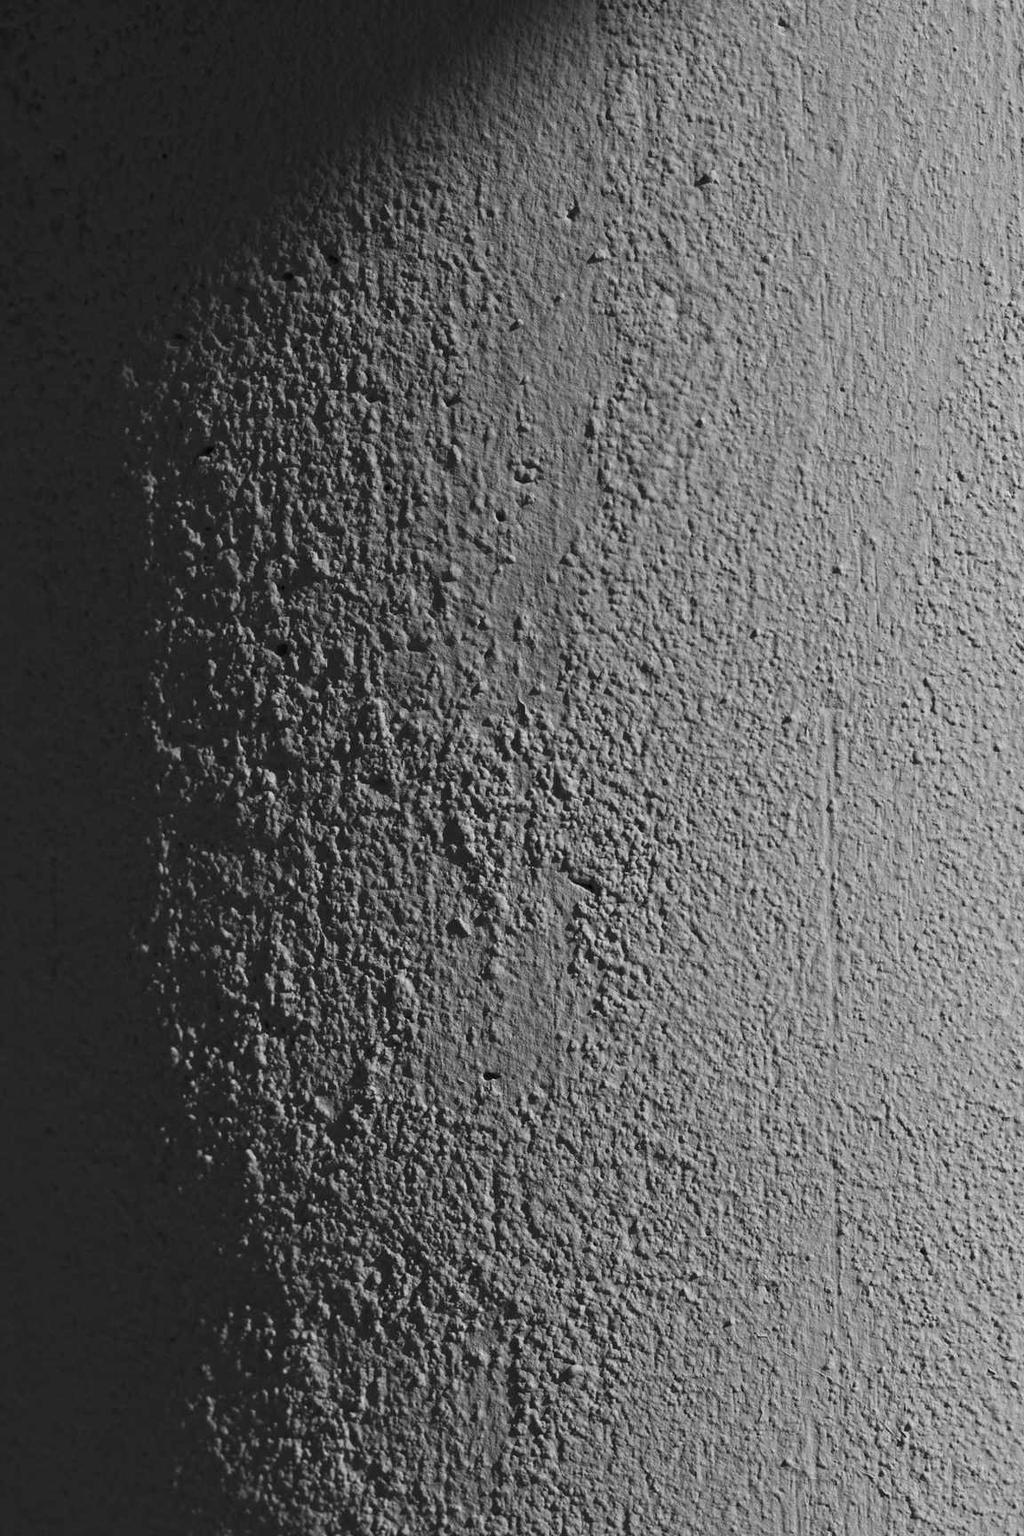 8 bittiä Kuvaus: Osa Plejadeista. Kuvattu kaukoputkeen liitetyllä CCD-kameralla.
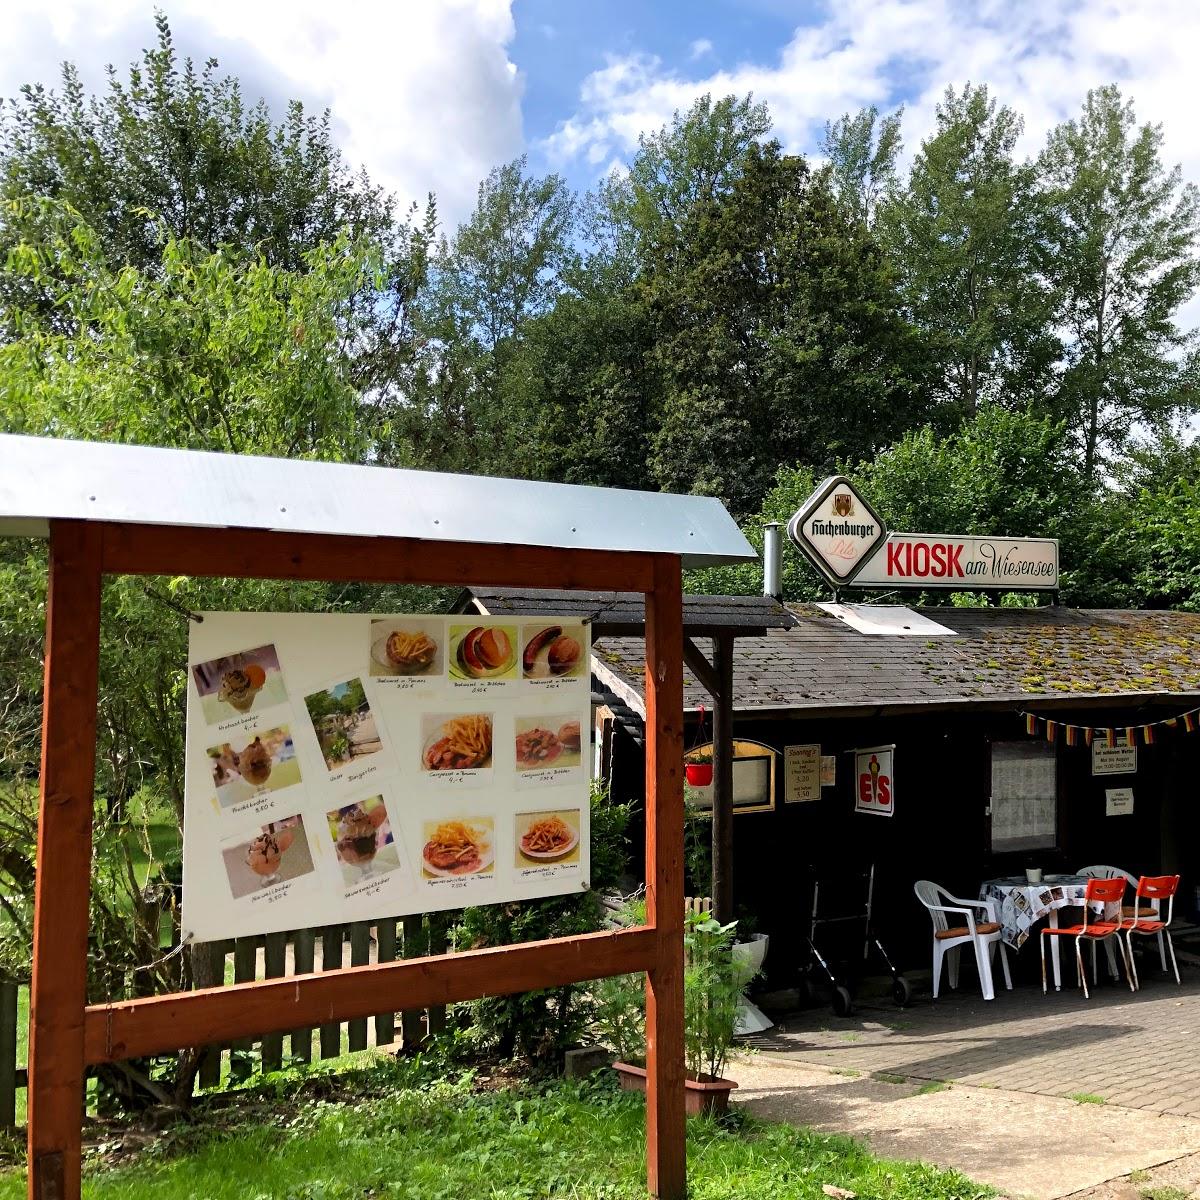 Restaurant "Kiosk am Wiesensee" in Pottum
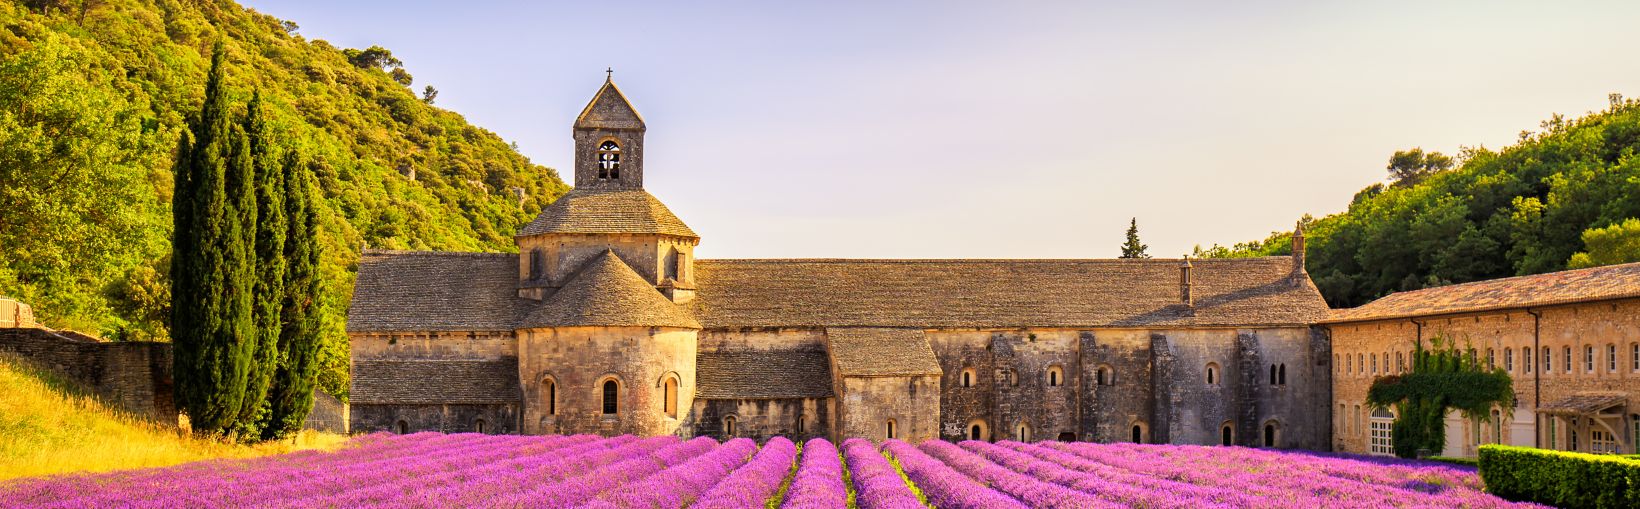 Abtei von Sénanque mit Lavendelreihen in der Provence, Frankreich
━━━━━━━━━━━━━━━━━━━━━━━━━━━━━━
- **Directions for this task**
Skip every picture and transcribe the data above exactly.

- **Solution for this exercise**
 8 bittiä Kuvaus: Osa Plejadeista. Kuvattu kaukoputkeen liitetyllä CCD-kameralla.
 Restaurant "Kiosk am Wiesensee" in Pottum
 Abtei von Sénanque mit Lavendelreihen in der Provence, Frankreich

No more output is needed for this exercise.